By Sabrina Karl
The COVID-19 pandemic has altered our world in countless ways, including many changes surrounding savings, investing, and borrowing. If you hold a savings or money market account at a bank or credit union, you may have noticed a significant rule change there.
Prior to the coronavirus, the Federal Reserve’s Regulation D limited how many times consumers could move money out of a savings or money market account each month, capping it at six per monthly statement cycle. This applies to both banks and credit unions.
As a result, most financial institutions charge a fee when withdrawals exceed the limit, to help discourage customers from breaking the Fed rule. If a consumer violates the limit repeatedly, some banks will close the account.
But in a move to help make access to cash easier for Americans who might be struggling financially during the pandemic, the Fed in April completely removed the maximum withdrawals limit.
That’s not to say, however, that your bank or credit union is necessarily erasing the requirement from its own rules. The Fed change only indicates that financial institutions are no longer required to enforce a withdrawal limit. Whether they still do is up to them.

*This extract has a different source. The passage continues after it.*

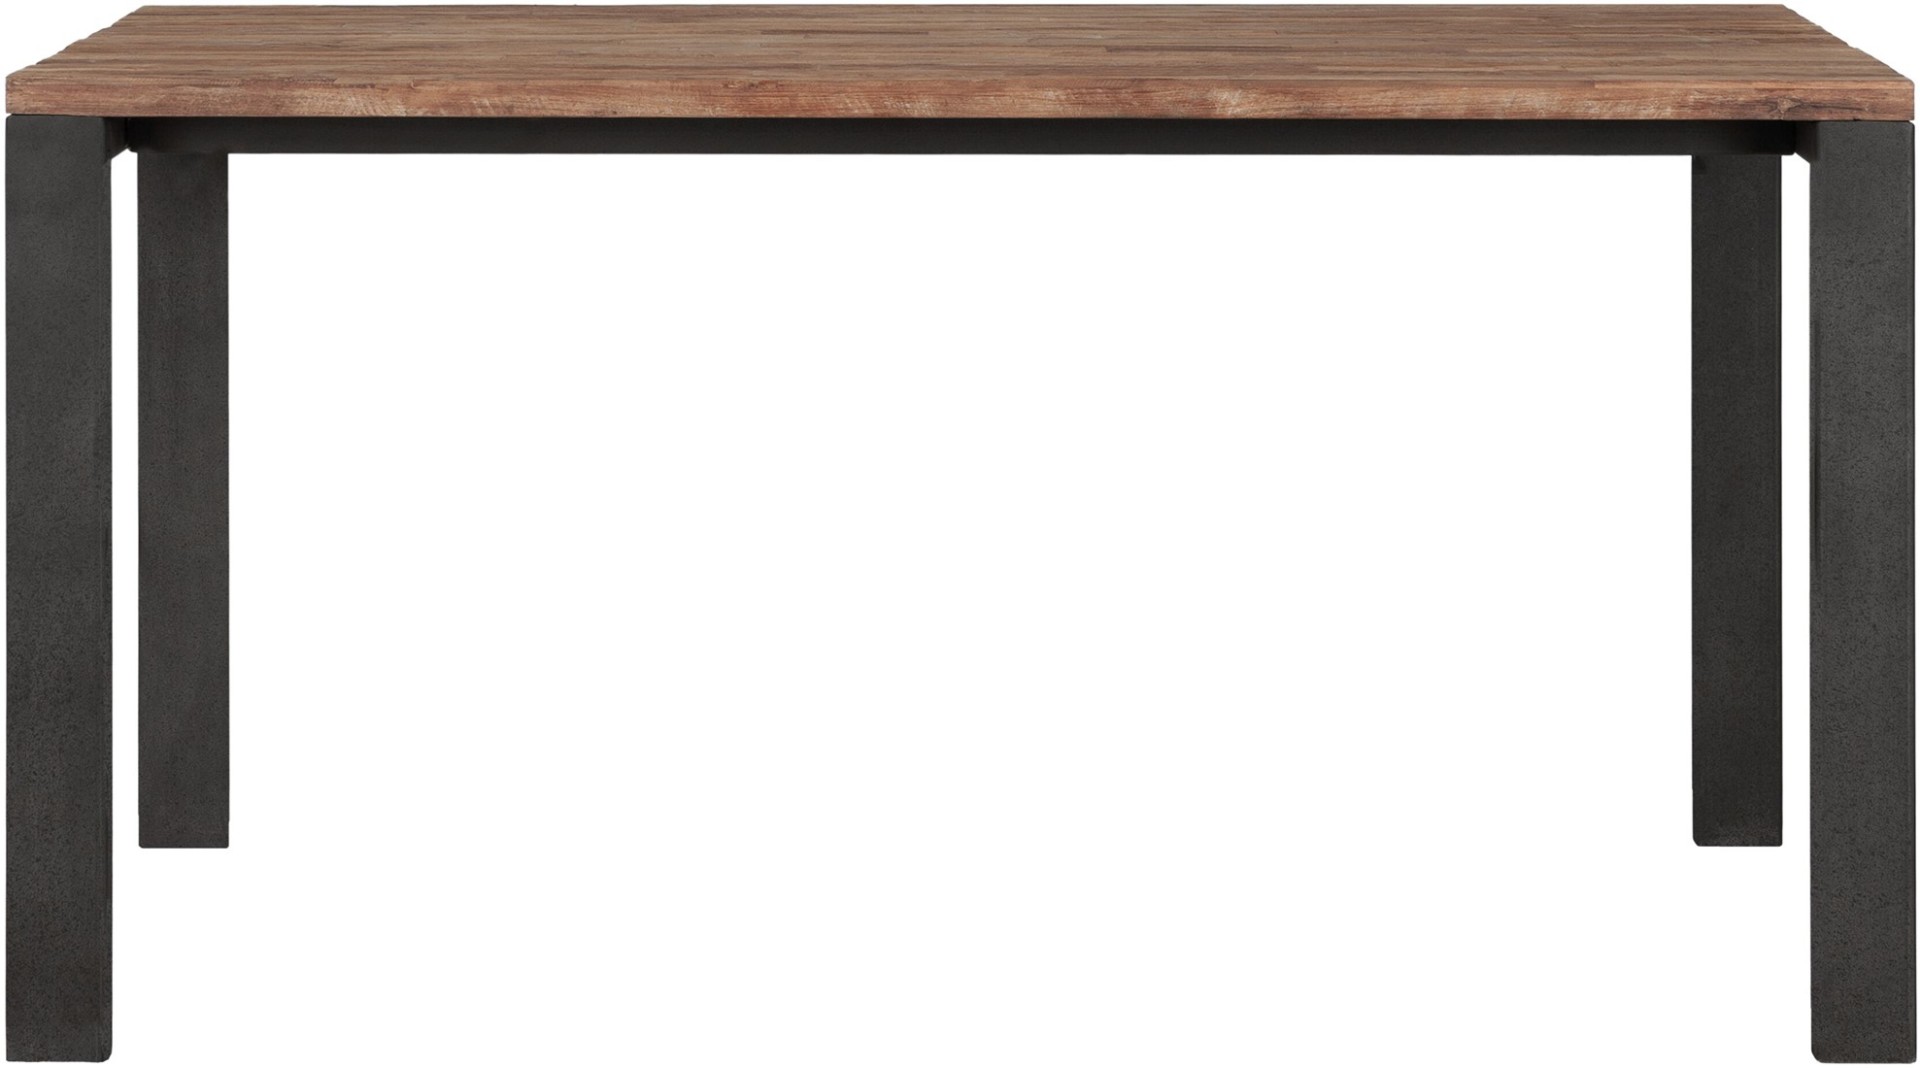 Der Esstisch Track überzeugt mit seinem modern und schlichtem Design. Gefertigt wurde der Tisch aus recyceltem Teakholz, welches einen natürlichen Farbton besitzt. Das Gestell ist aus Metall und ist Schwarz. Der Tisch hat eine Länge von 150 cm und eine Pl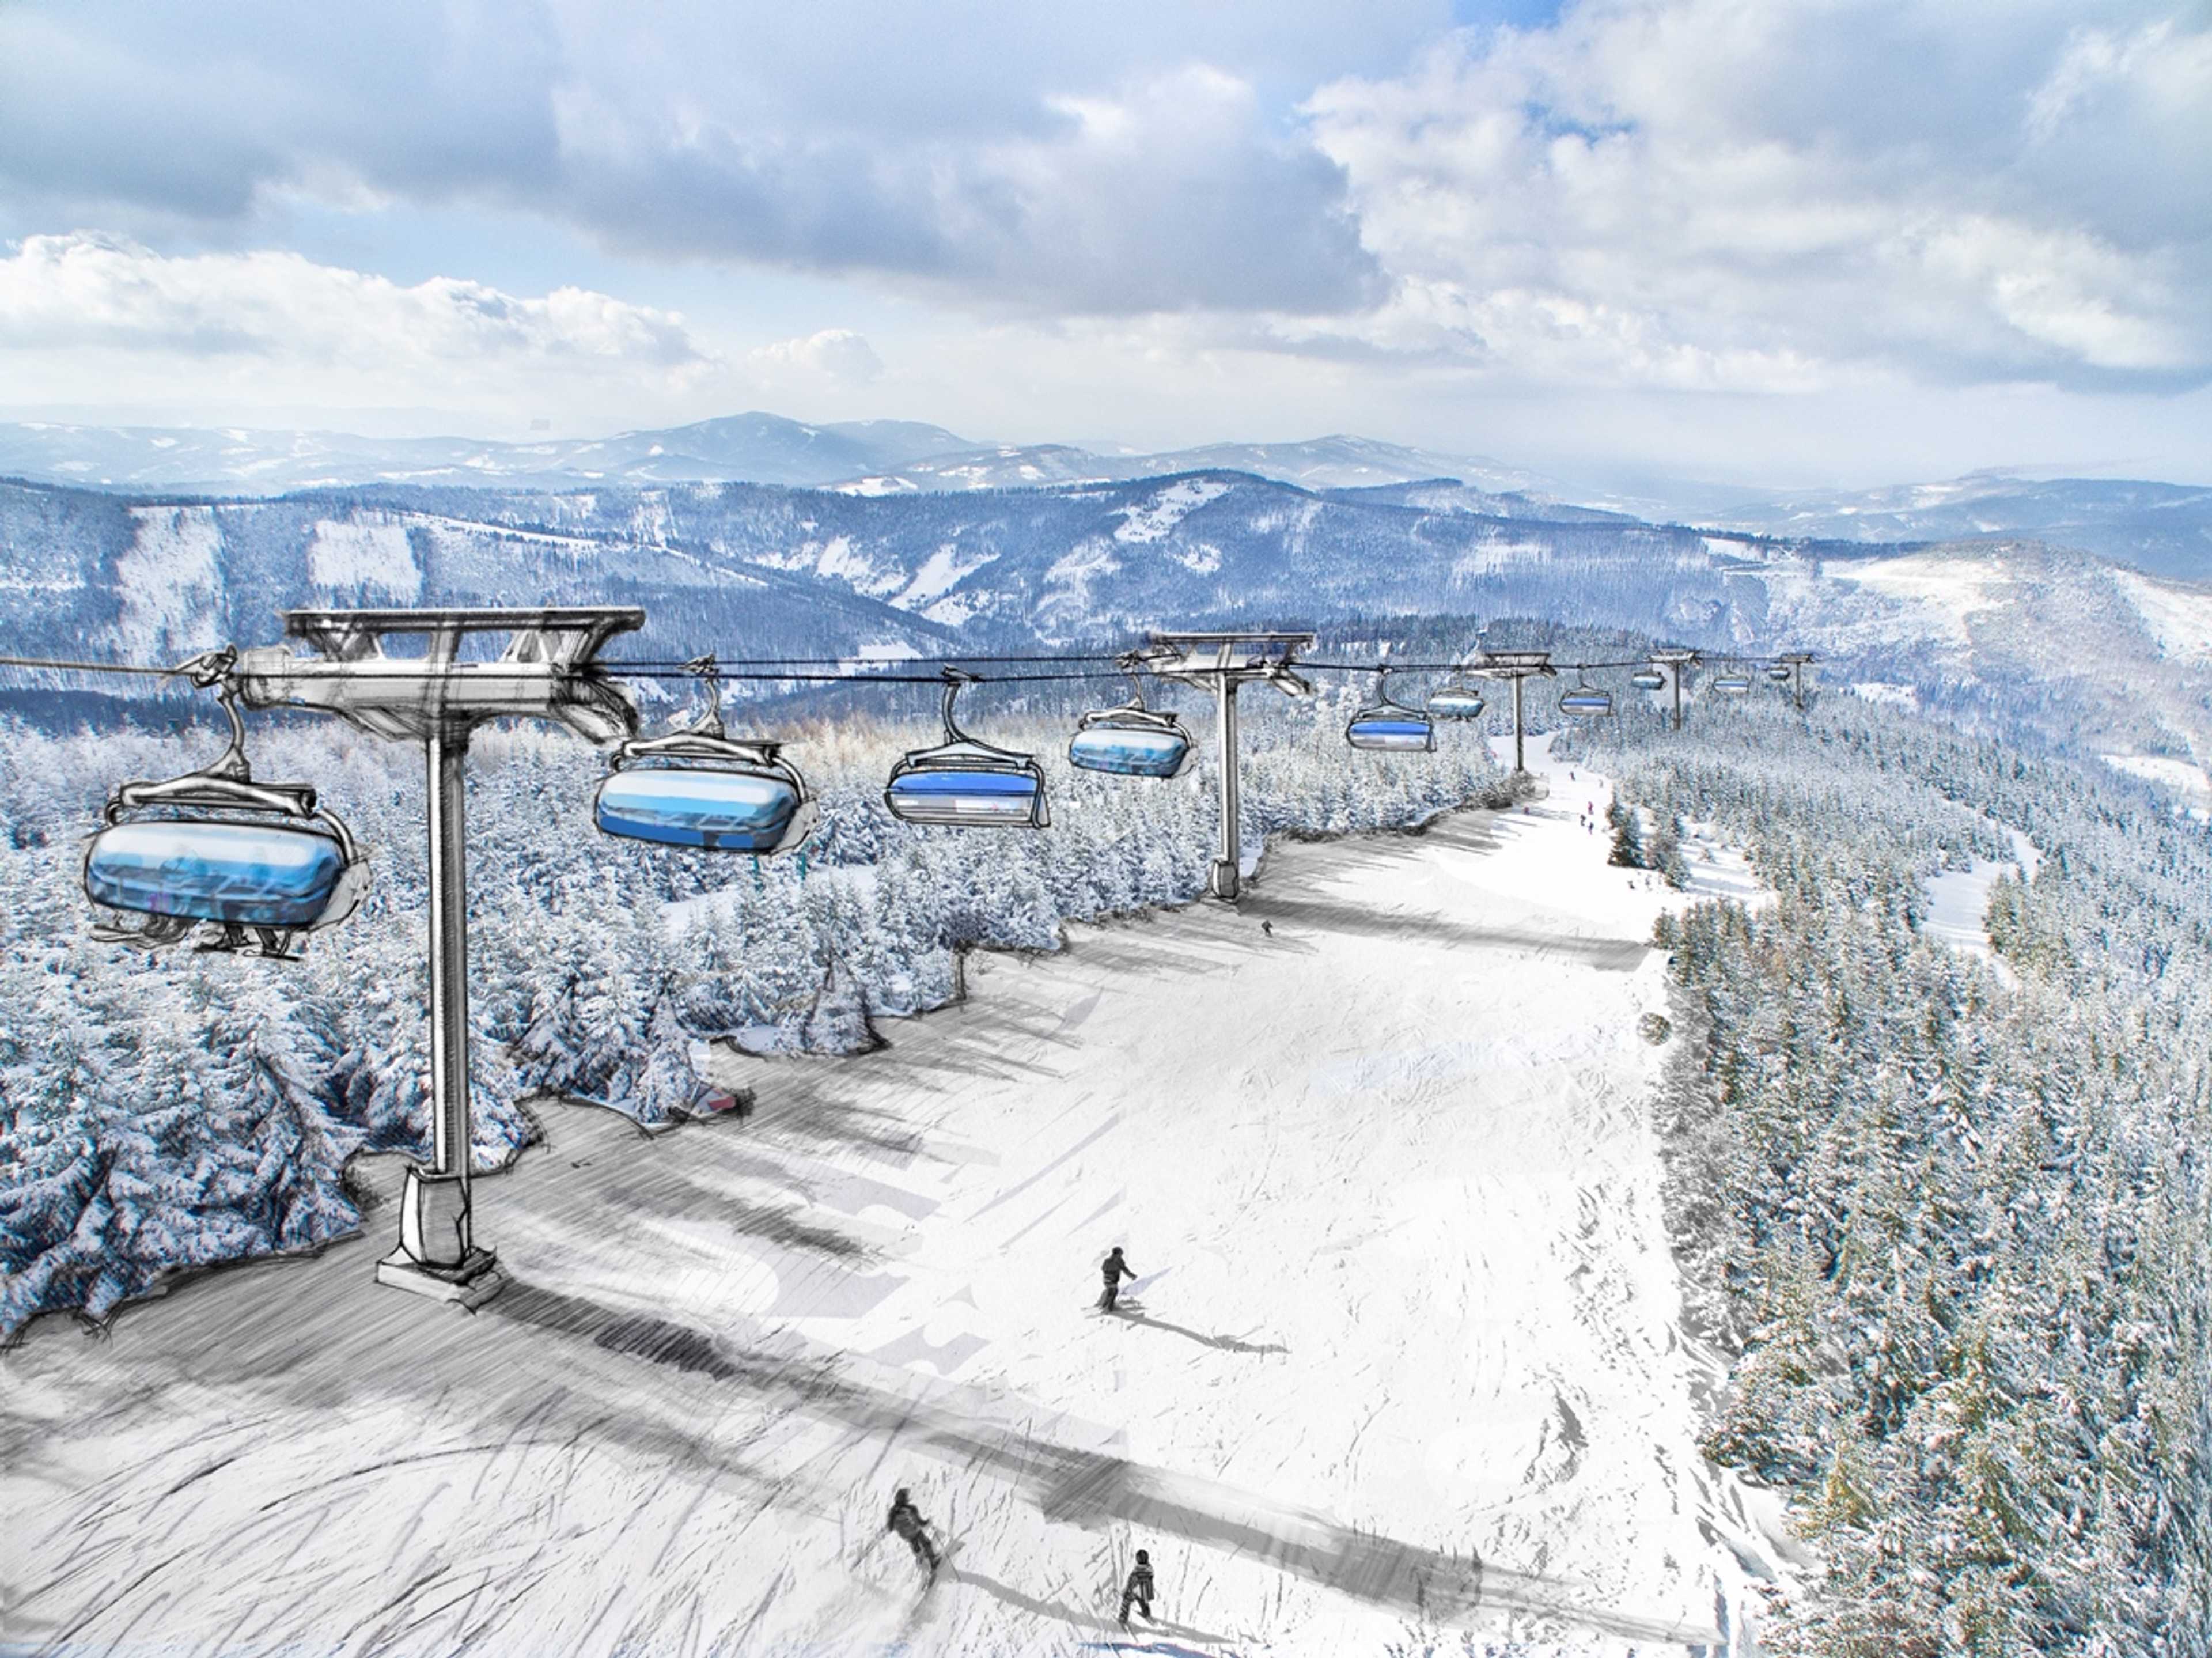 Wizualizacja nowej kolei krzesełkowej, Szczyrk Mountain Resort

Fortunately, with many institutions taking multiple measures to support their customers during COVID-19, many are indeed following the Fed change and waiving excessive withdrawal fees.
But if wanting to take money out of your savings more than six times per month is something you need or want right now, it’s wise to check specifically whether your financial institution is following the new Fed leniency. If not, it’s worth asking for an exception.
No one knows whether this Fed change will be permanent, including the Fed. But at the current time, they’ve indicated there are no specific plans for bringing the limit back.